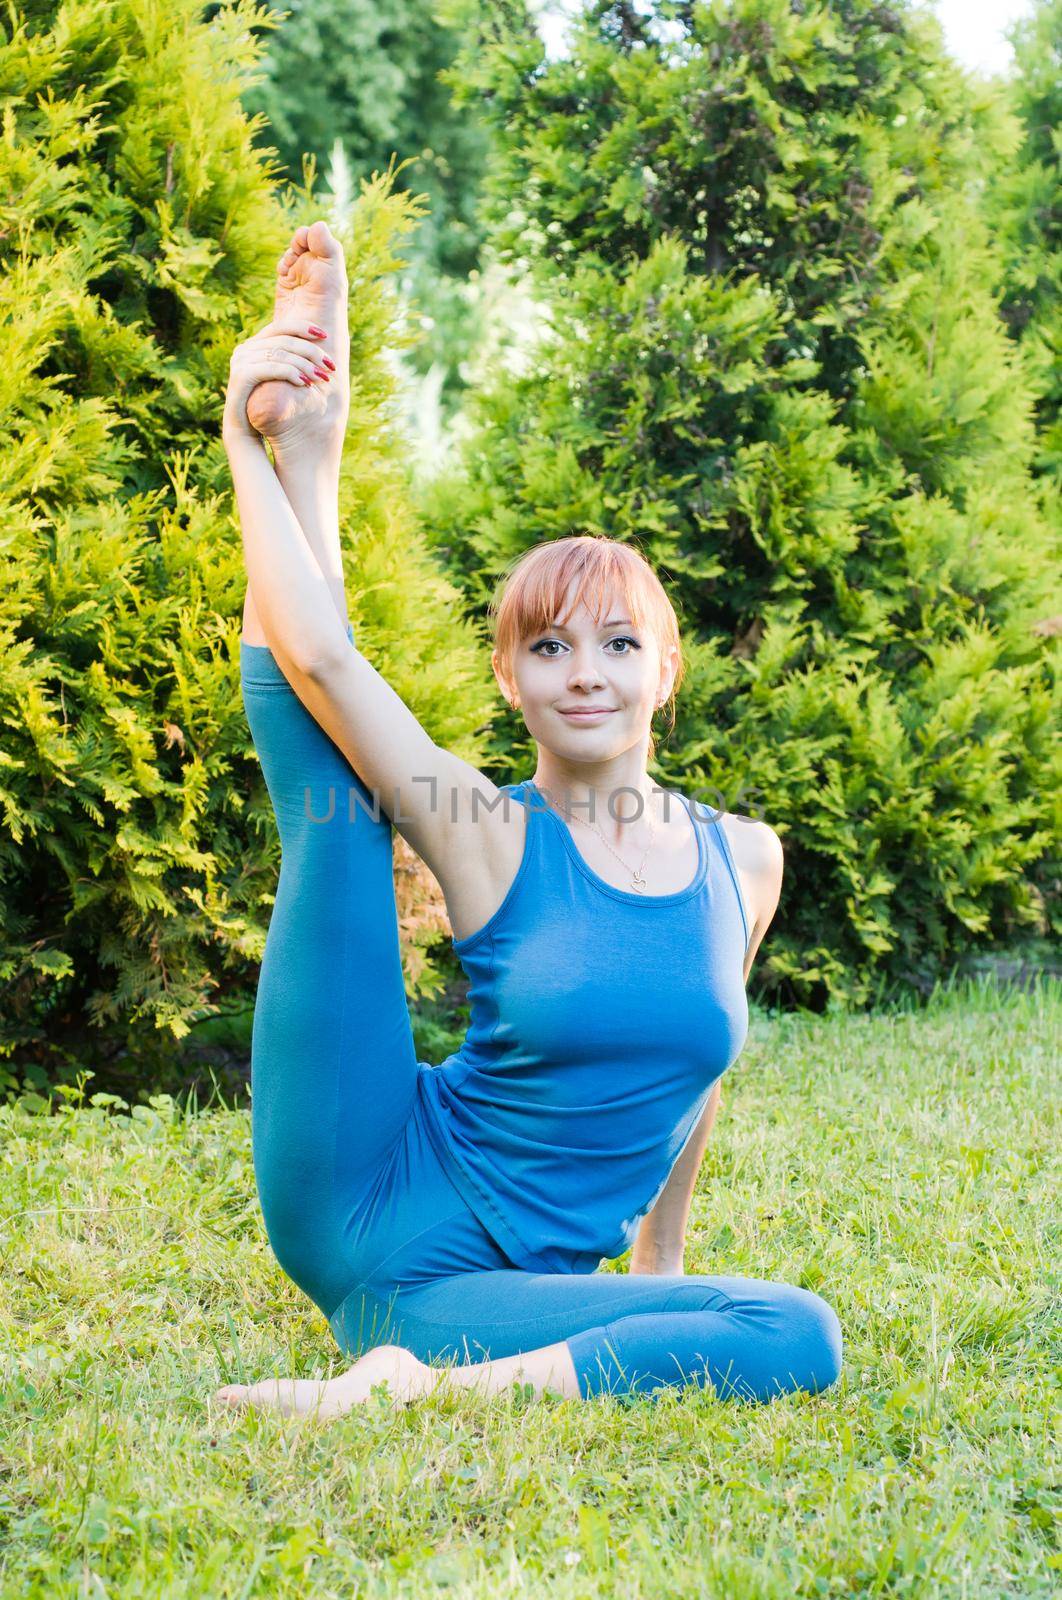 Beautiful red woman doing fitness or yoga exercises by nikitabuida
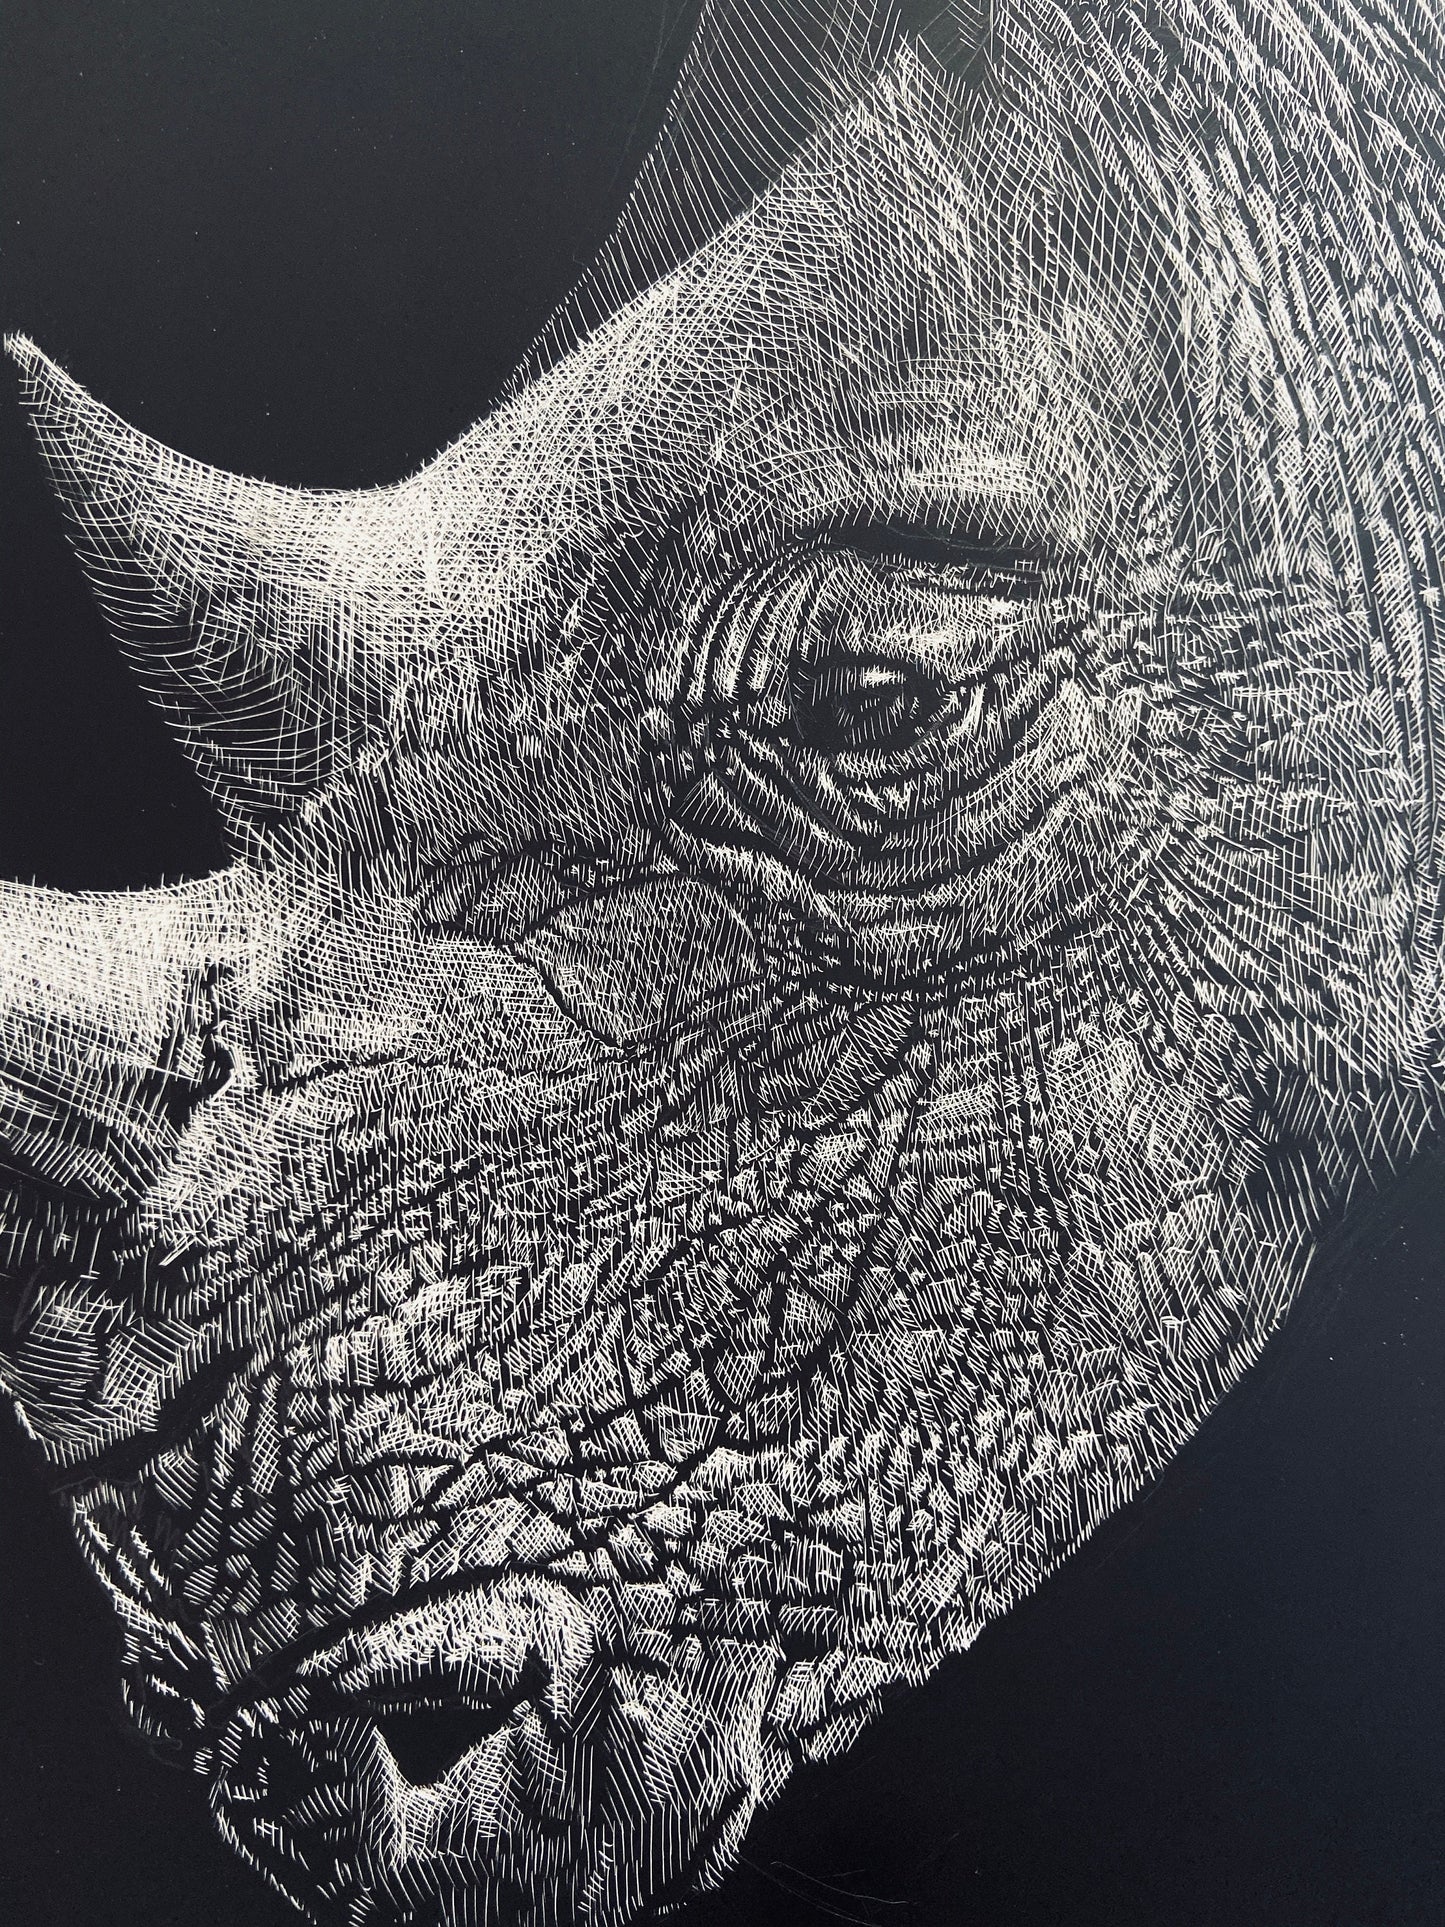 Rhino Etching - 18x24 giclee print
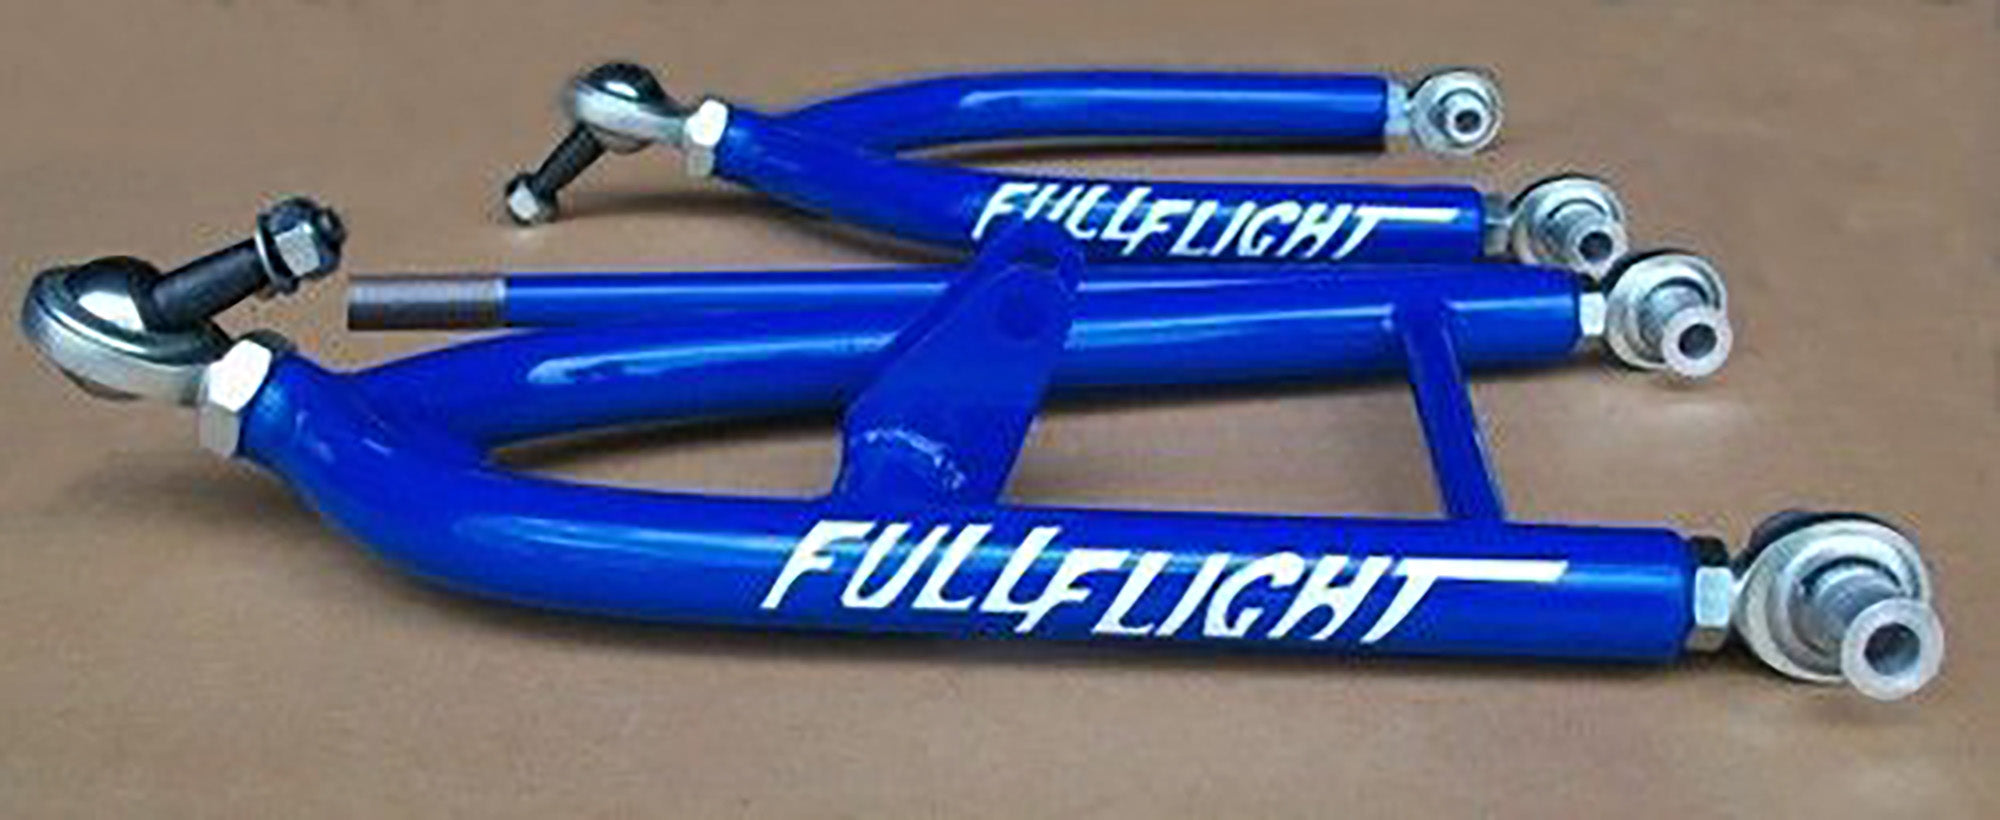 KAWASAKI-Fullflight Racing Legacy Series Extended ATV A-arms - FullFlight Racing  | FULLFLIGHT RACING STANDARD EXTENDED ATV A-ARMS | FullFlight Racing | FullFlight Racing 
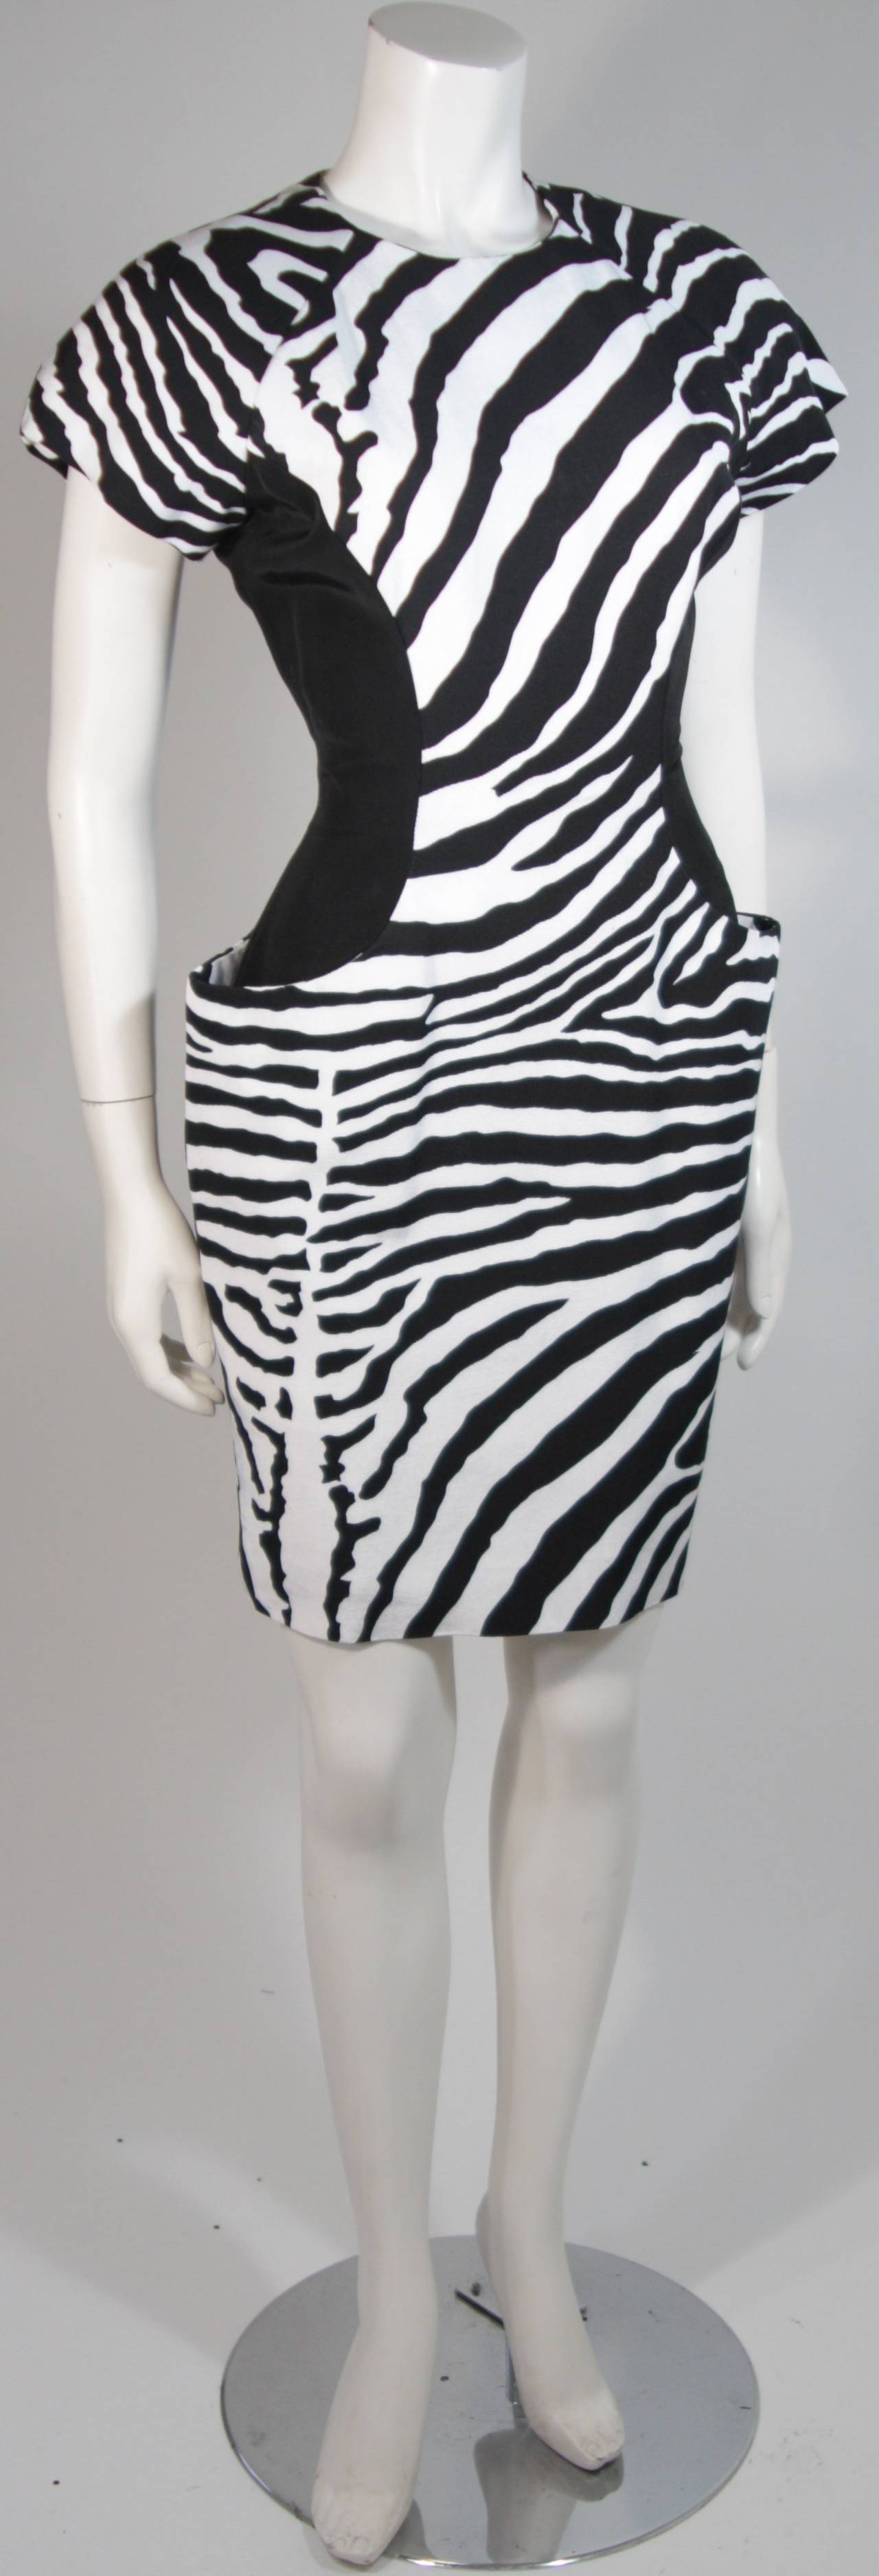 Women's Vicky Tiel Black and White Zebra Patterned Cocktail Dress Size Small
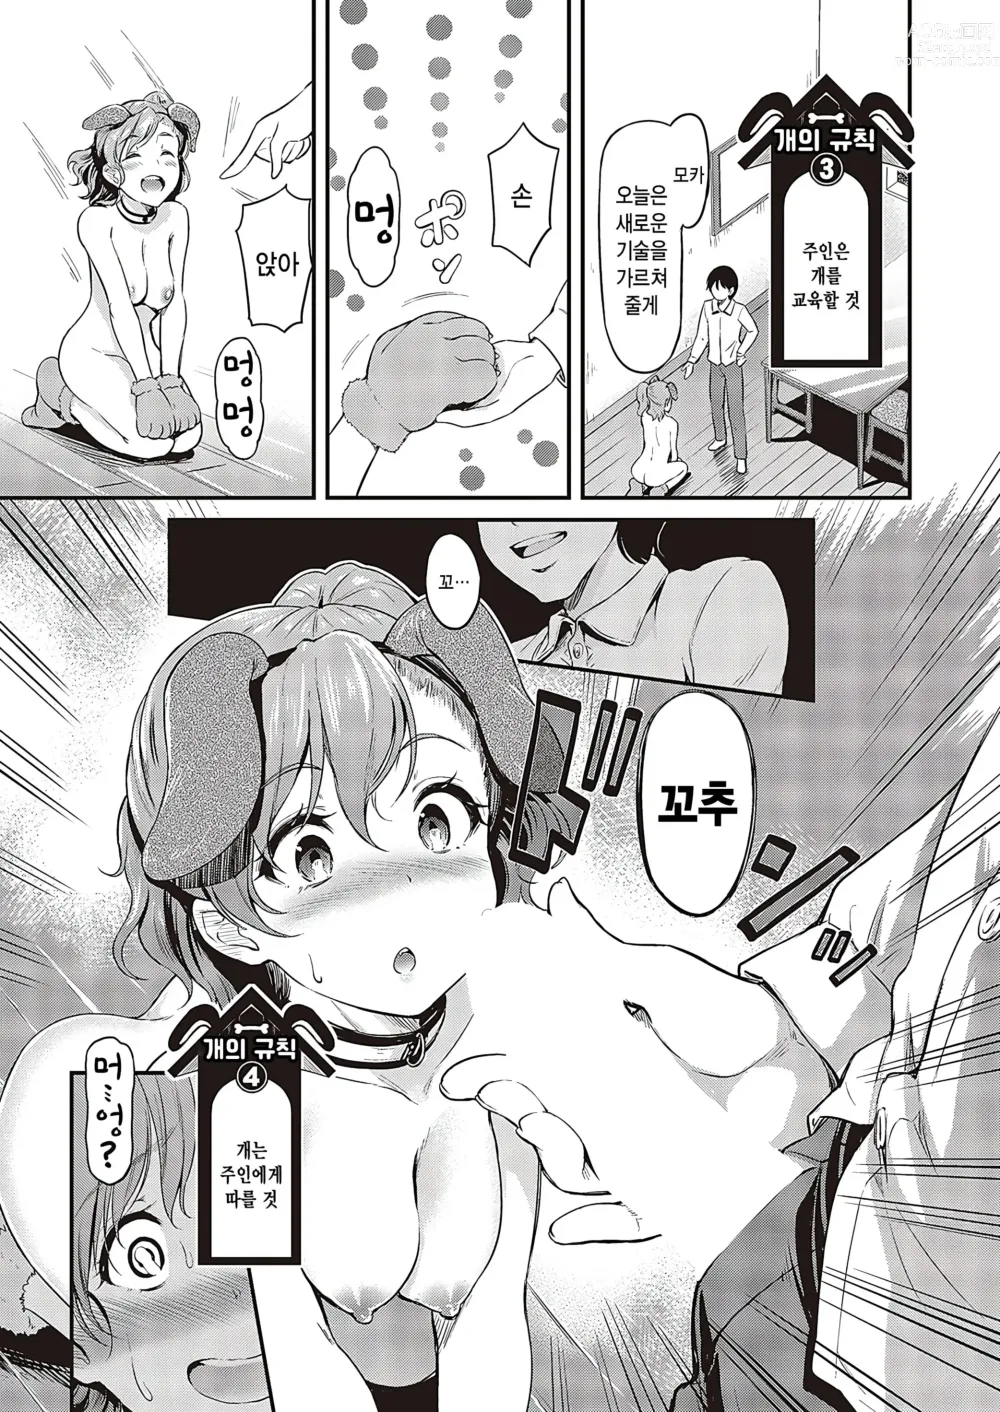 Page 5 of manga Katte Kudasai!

• **Requirement**: Exact copies of the entries above are needed, without their pictures.

• **Solved exercise**:
 Beautiful red woman doing fitness or yoga exercises by nikitabuida
 Rhino Etching - 18x24 giclee print
 KAWASAKI-Fullflight Racing Legacy Series Extended ATV A-arms - FullFlight Racing  | FULLFLIGHT RACING STANDARD EXTENDED ATV A-ARMS | FullFlight Racing | FullFlight Racing 
 Women's Vicky Tiel Black and White Zebra Patterned Cocktail Dress Size Small
 Page 5 of manga Katte Kudasai!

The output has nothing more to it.